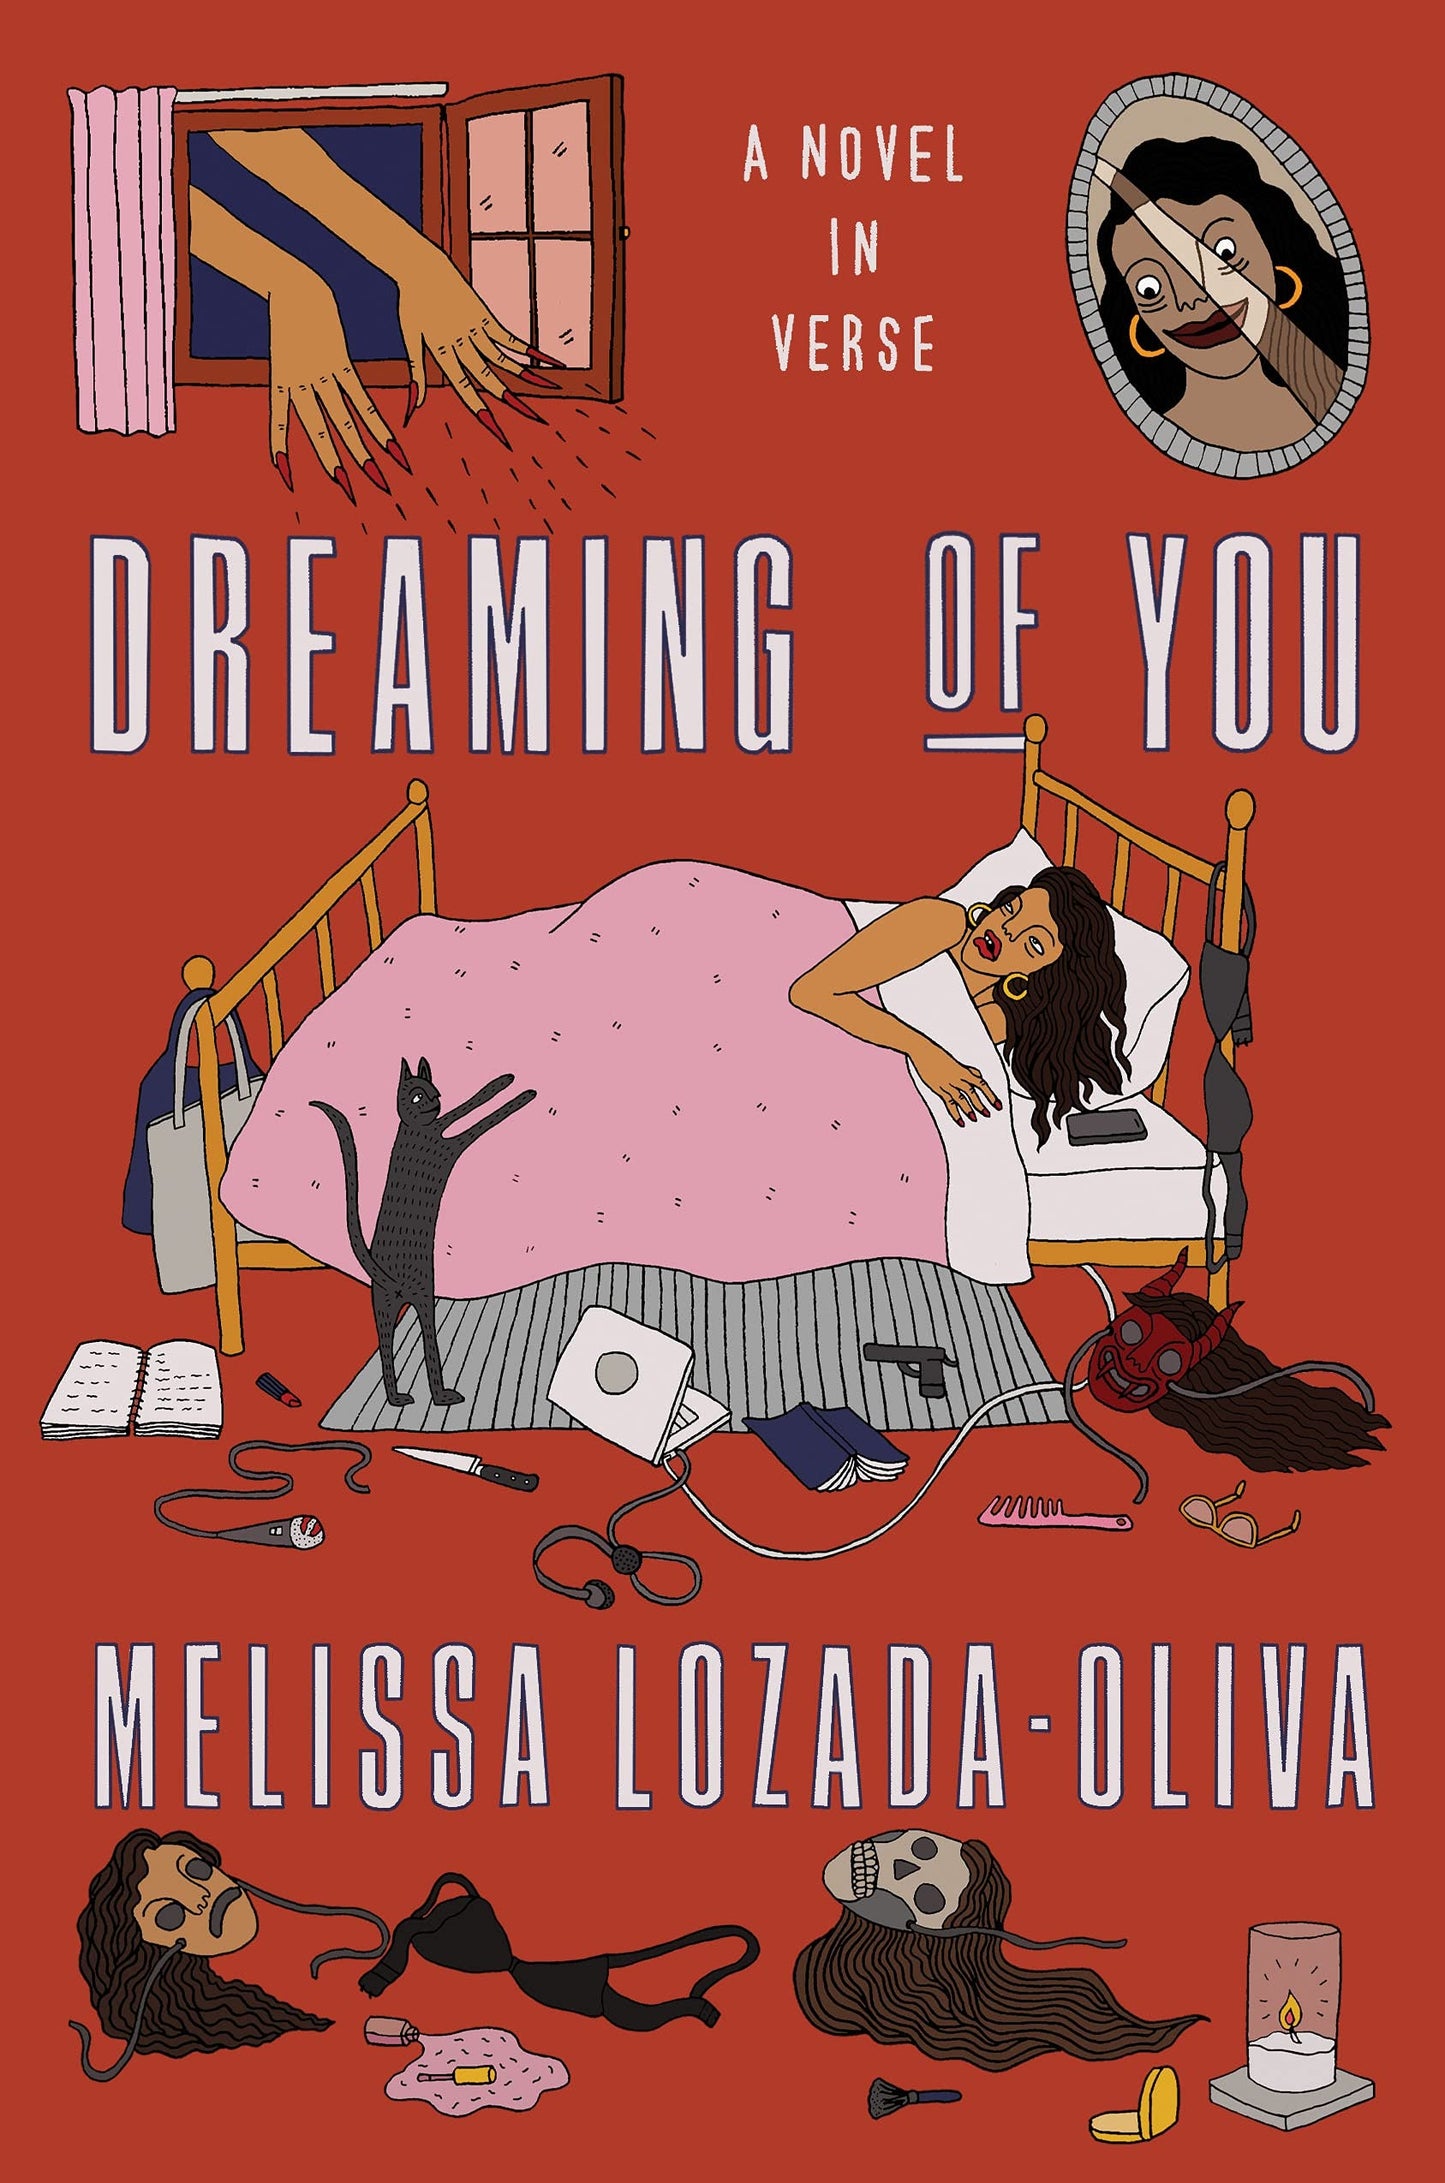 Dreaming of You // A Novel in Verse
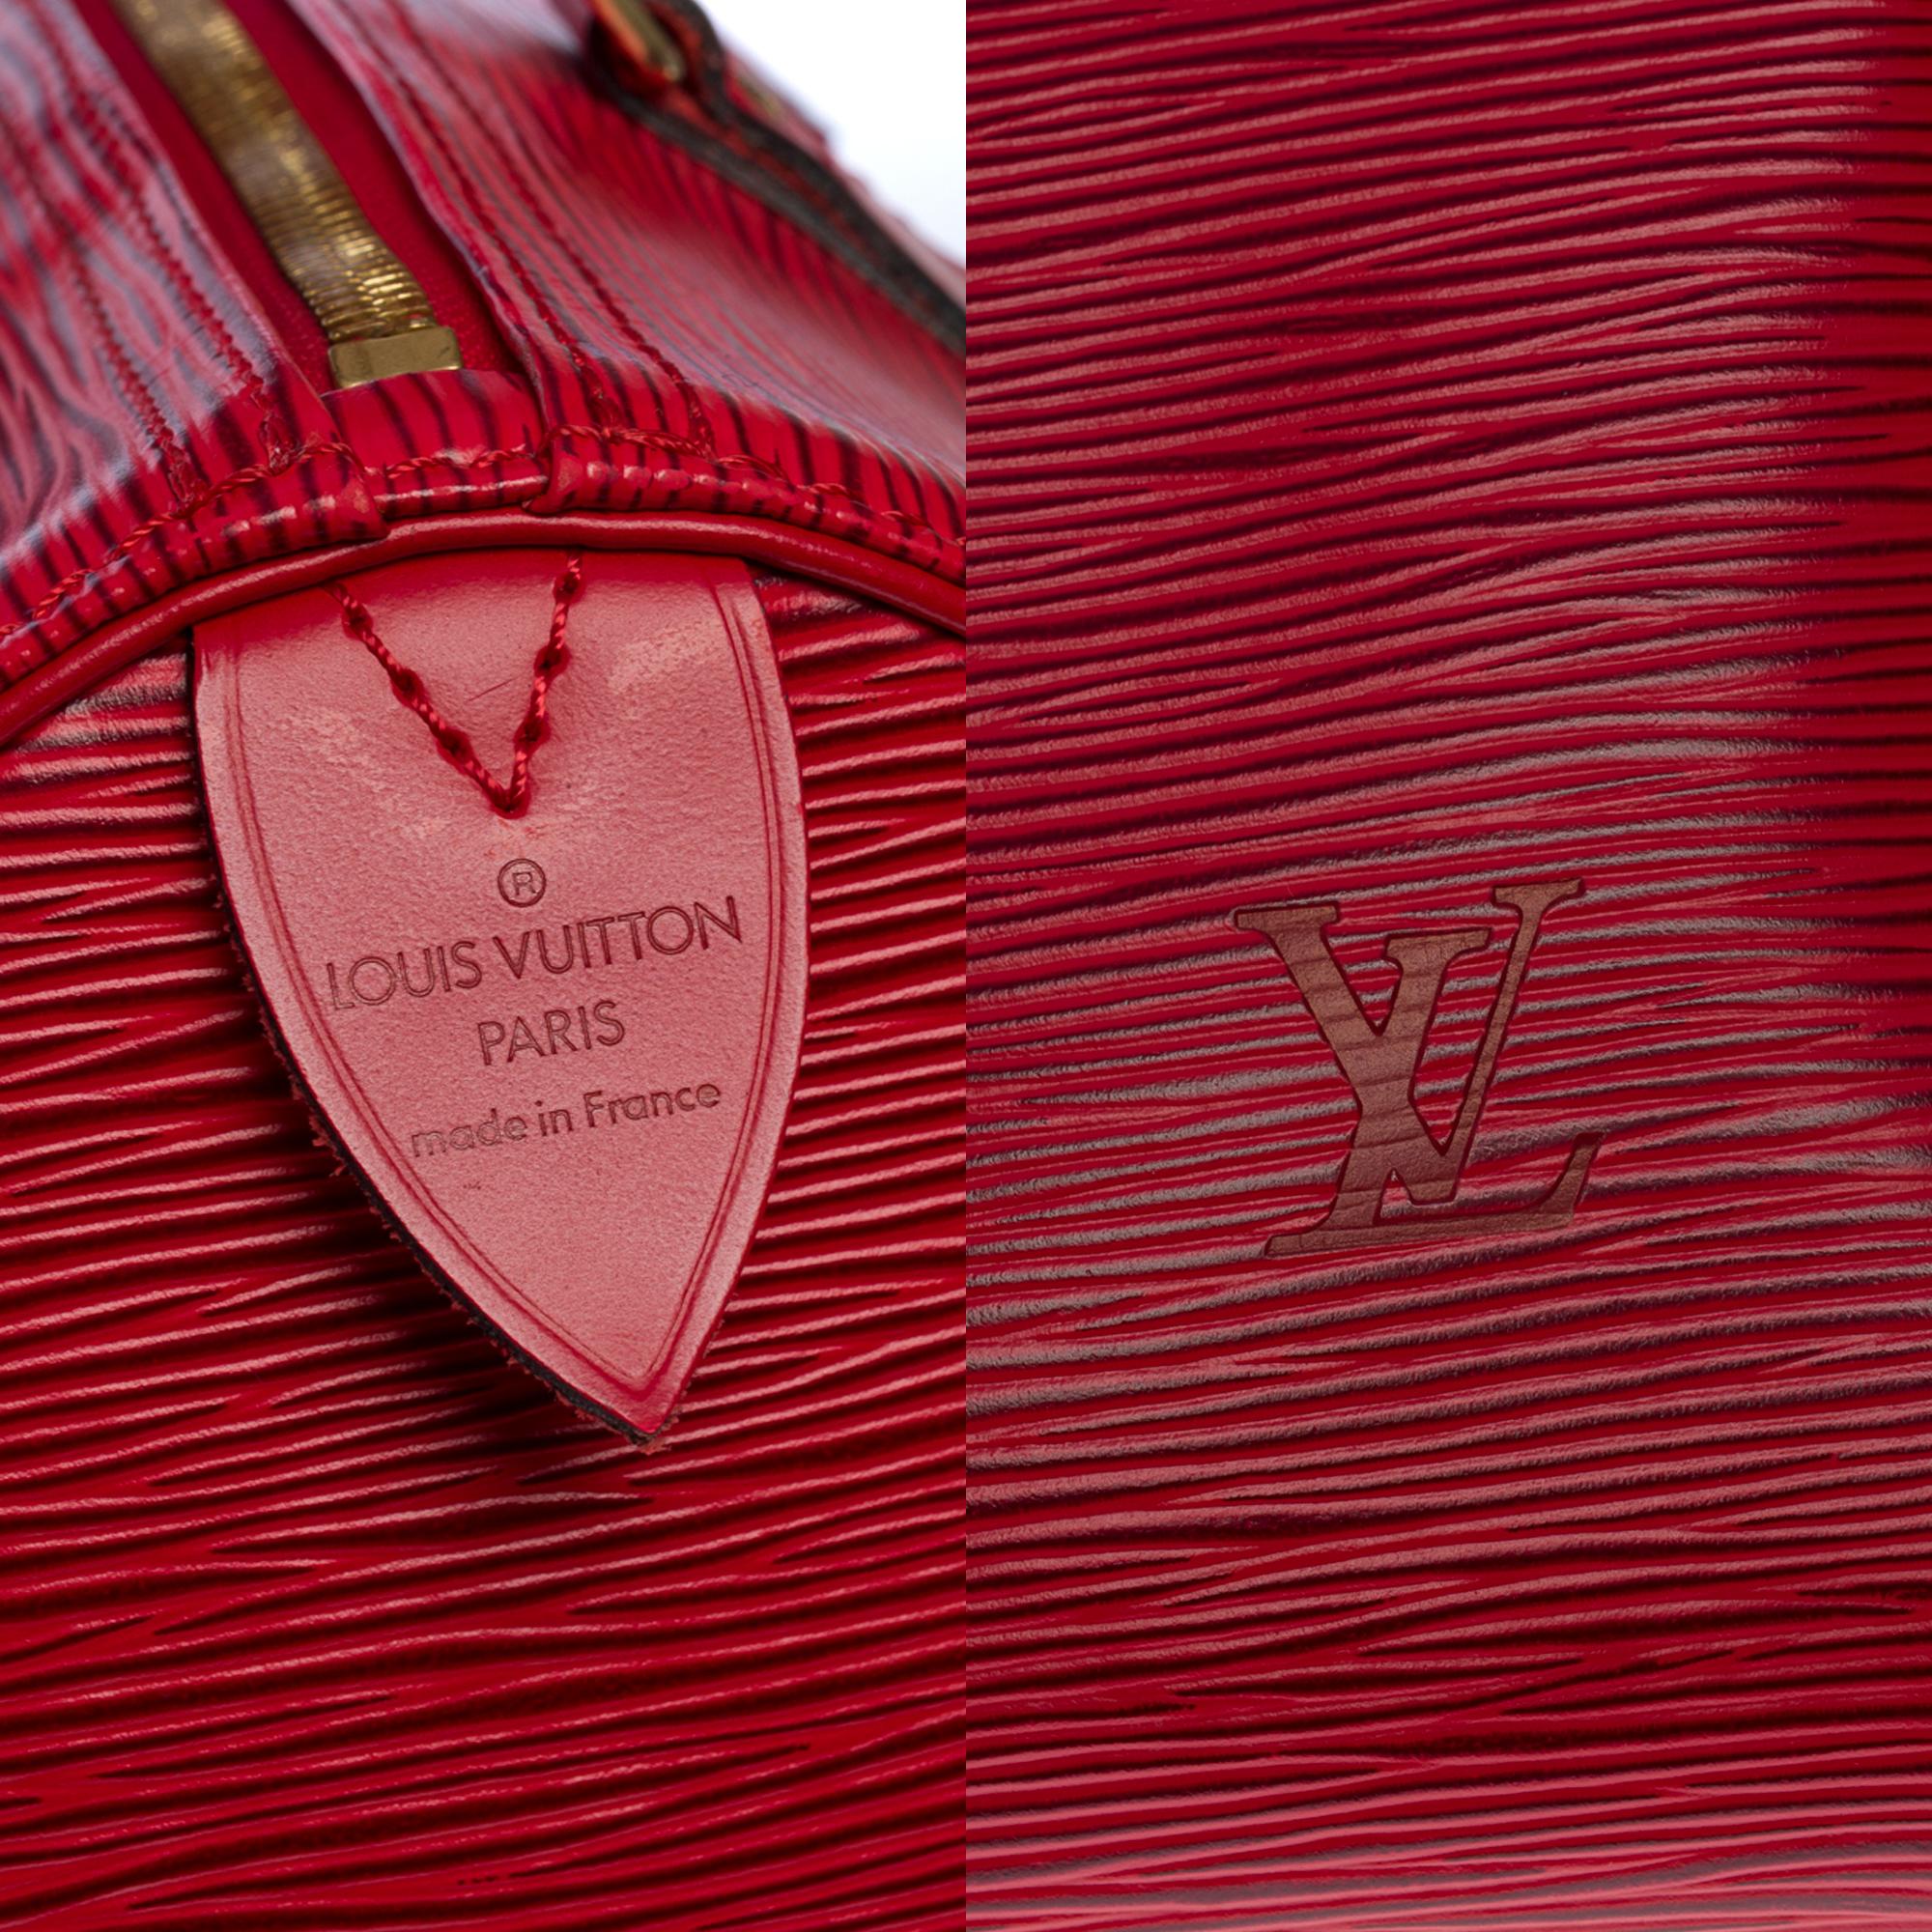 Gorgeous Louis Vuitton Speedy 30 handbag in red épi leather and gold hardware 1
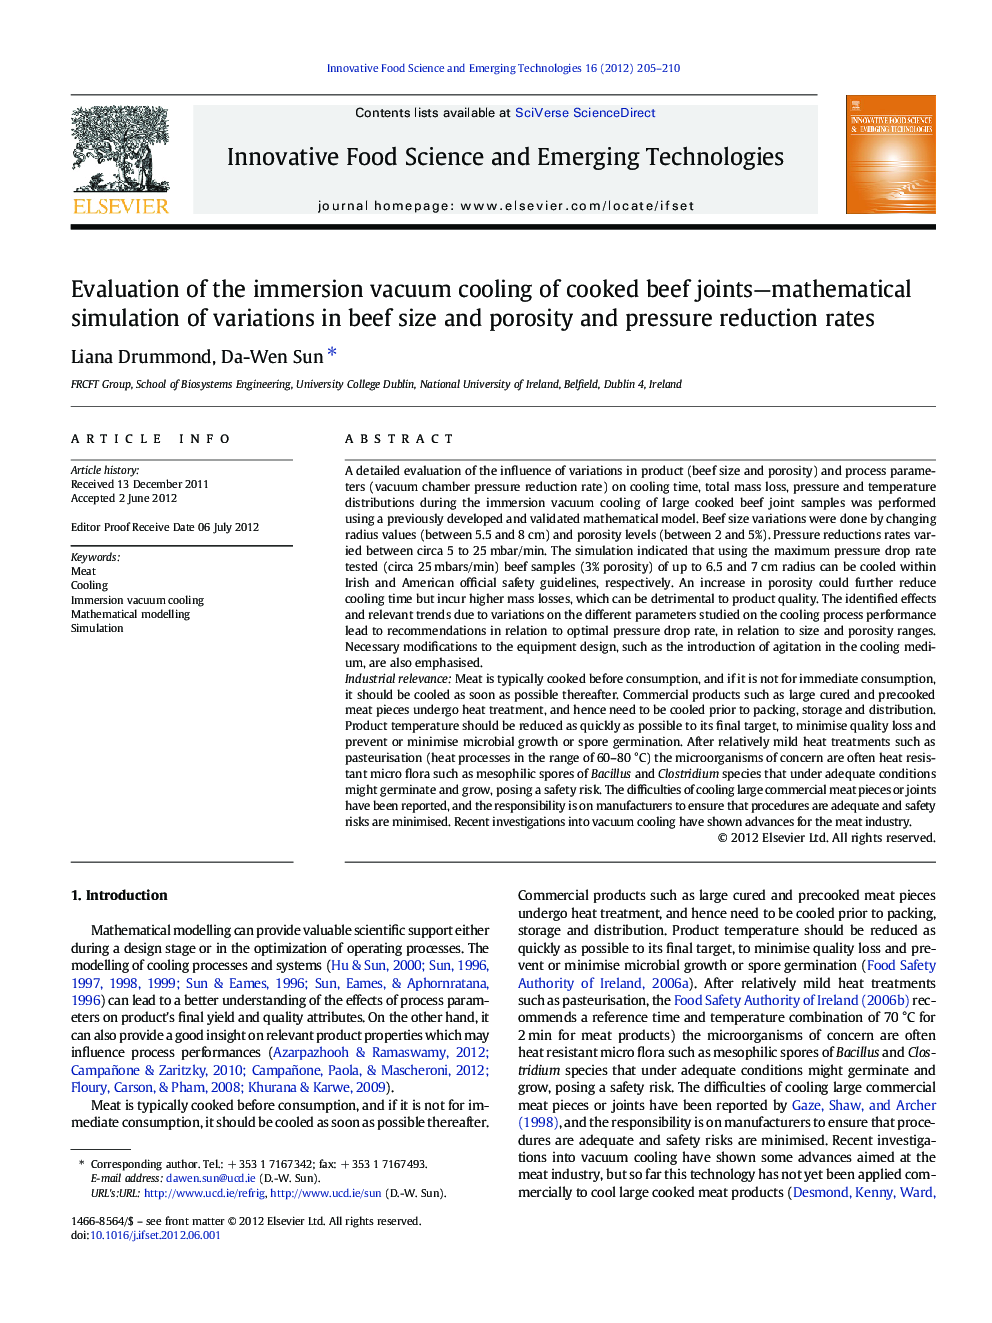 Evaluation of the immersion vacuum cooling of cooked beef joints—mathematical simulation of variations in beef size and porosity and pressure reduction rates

++++++++++++++++++++

--- ASSIGNMENT ---
Leave the pictures out, and please copy only the lines from the one with "Gorgeous Louis Vuitton" through the end of the listing.

--- TASK RESPONSE ---
 Gorgeous Louis Vuitton Speedy 30 handbag in red épi leather and gold hardware 1
 Evaluation of the immersion vacuum cooling of cooked beef joints—mathematical simulation of variations in beef size and porosity and pressure reduction rates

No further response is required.